Previously Reported Cases and the Present Case of RA Complicating DPB.

Case	Age/Sex	Method of histopathological diagnosis	Treatment of RA	BALF Mφ/Lym/Neu/Eos (%)	Treatment of DPB	Outcome	Prognosis	HLA B54	HLA DR4
1 (13)	61/Female	Autopsy	Corticosteroid, gold	NA	-	Worsened	30 years dead (respiratory failure)	NA	NA
2 (13)	61/Male	Autopsy	Corticosteroid, penicillamine	NA	-	Worsened	4 years dead (respiratory failure)	NA	NA
3 (14)	47/Female	NA	MTX	NA	CAM	Improved	4 months alive	+	+
4 (14)	52/Female	NA	NSAIDs	1.6/2.1/96.3/NA	CAM	Improved	NA	+	NA
5 (14)	66/Female	NA	Bucillamine	NA	EM	Improved	1 year dead (respiratory failure)	NA	NA
6 (15)	67/Female	Autopsy	NSAIDs, corticosteroid, penicillamine, gold	NA	-	Worsened	5 years dead (respiratory failure)	NA	NA
7 (12)	47/Female	NA	NSAIDs, bucillamine	NA	EM	Improved	NA	+	+
8 (12)	58/Female	NA	NSAIDs, auranofin	NA	NA	NA	NA	+	+
Present case	58/Female	SLB	MTX, tacrolimus	19.6/6.6/73.8/0.0	CAM	Improved	1 year alive	NA	NA

CAM: clarithromycin, BALF: bronchoalveolar lavage fluid, DPB: diffuse panbronchiolitis, EM: erythromycin, Eos: eosinophil, HLA: human leukocyte antigen, Lym: lymphocyte, MTX: methotrexate, Mφ: macrophage, NA: not available, Neu: neutrophil, NSAIDs: non-steroidal anti-inflammatory drugs, RA: rheumatoid arthritis, SLB: surgical lung biopsy

It is important to differentiate DPB from FB or BO associated with RA, but this is often difficult in practice. Hayakawa et al. studied 15 RA patients with biopsy-proven bronchiolar disease (8 with FB and 7 with BO) and showed that 11 (73%) had chronic sinusitis, and 11 who received EM therapy experienced a significant improvement in symptoms (17). Homma et al. reported three RA patients clinically diagnosed with DPB. The cold hemagglutinin titer in all three patients was elevated over 512-fold. All three patients were autopsied, and two were pathologically diagnosed with DPB, while the other was deemed to have BO (14).

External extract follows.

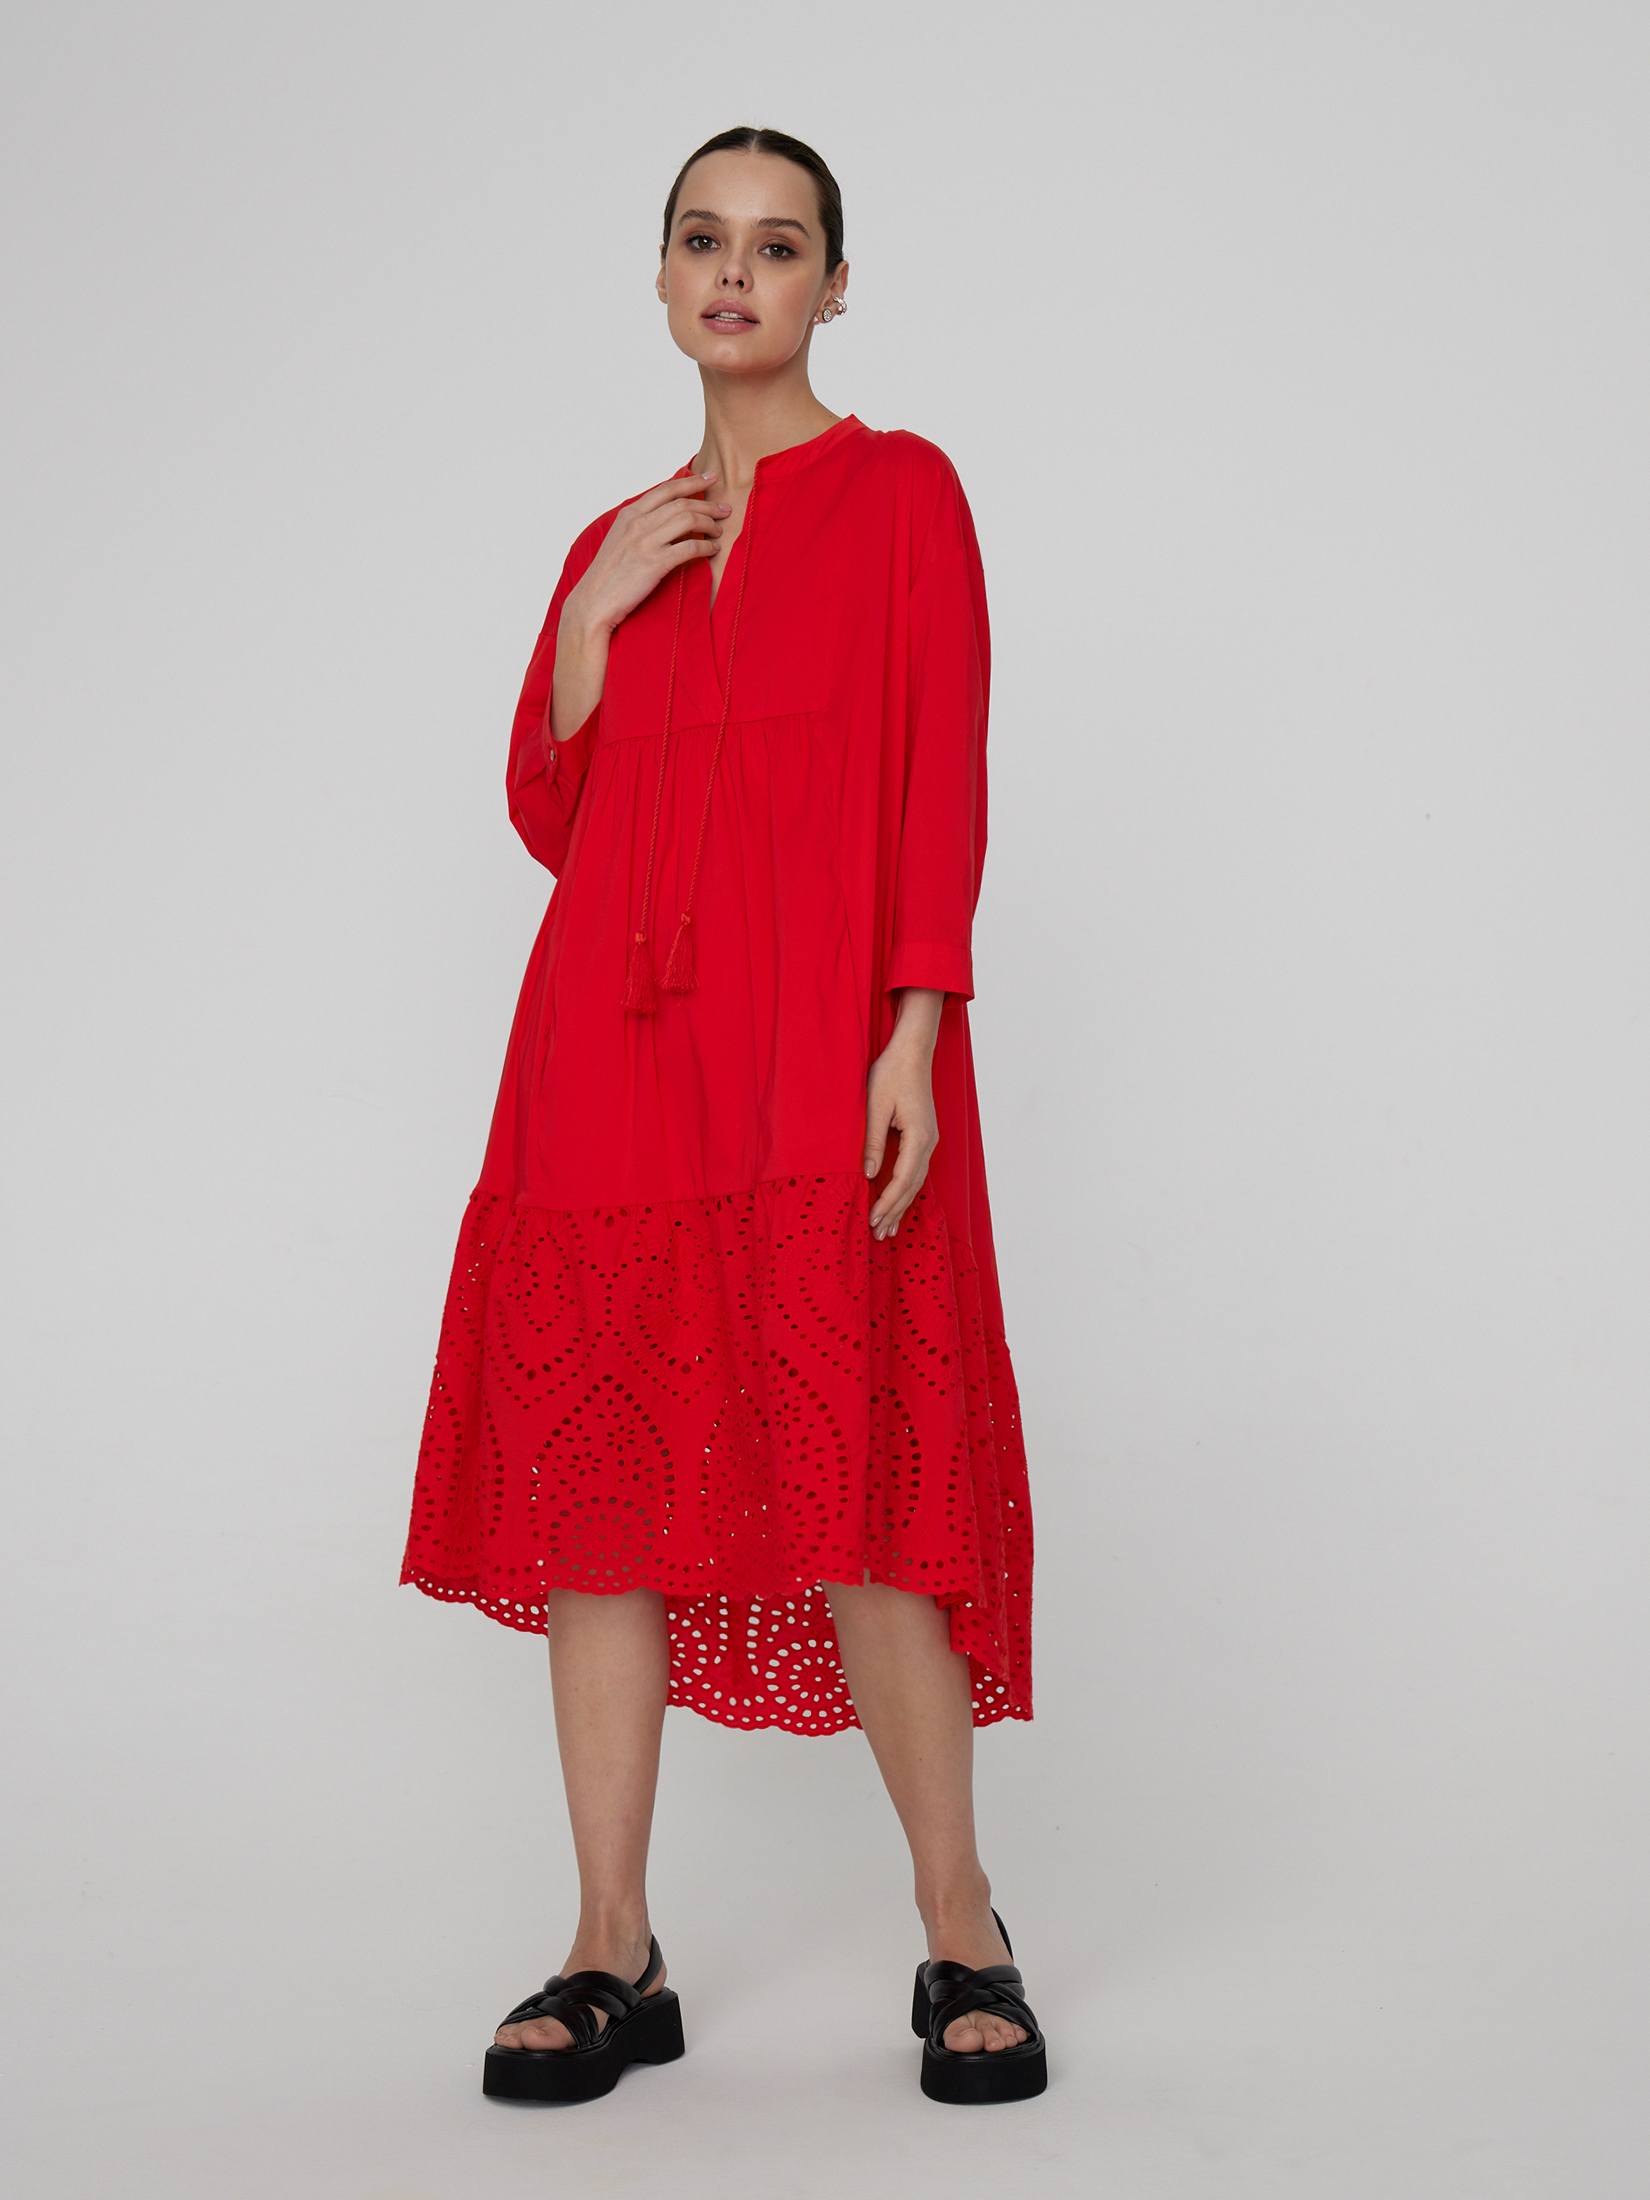 Платье женское красное платье ярко красное открытое 46 48 размер

In conclusion, we encountered a case of DPB in a patient with RA. Among Japanese RA patients, we need to consider DPB as a type of bronchiolitis that can accompany RA. However, it is difficult to differentiate DPB from other types of bronchitis associated with RA based on the radiographic findings, presence of sinusitis, cold hemagglutinin titer, and response to macrolide therapy.

The authors state that they have no Conflict of Interest (COI).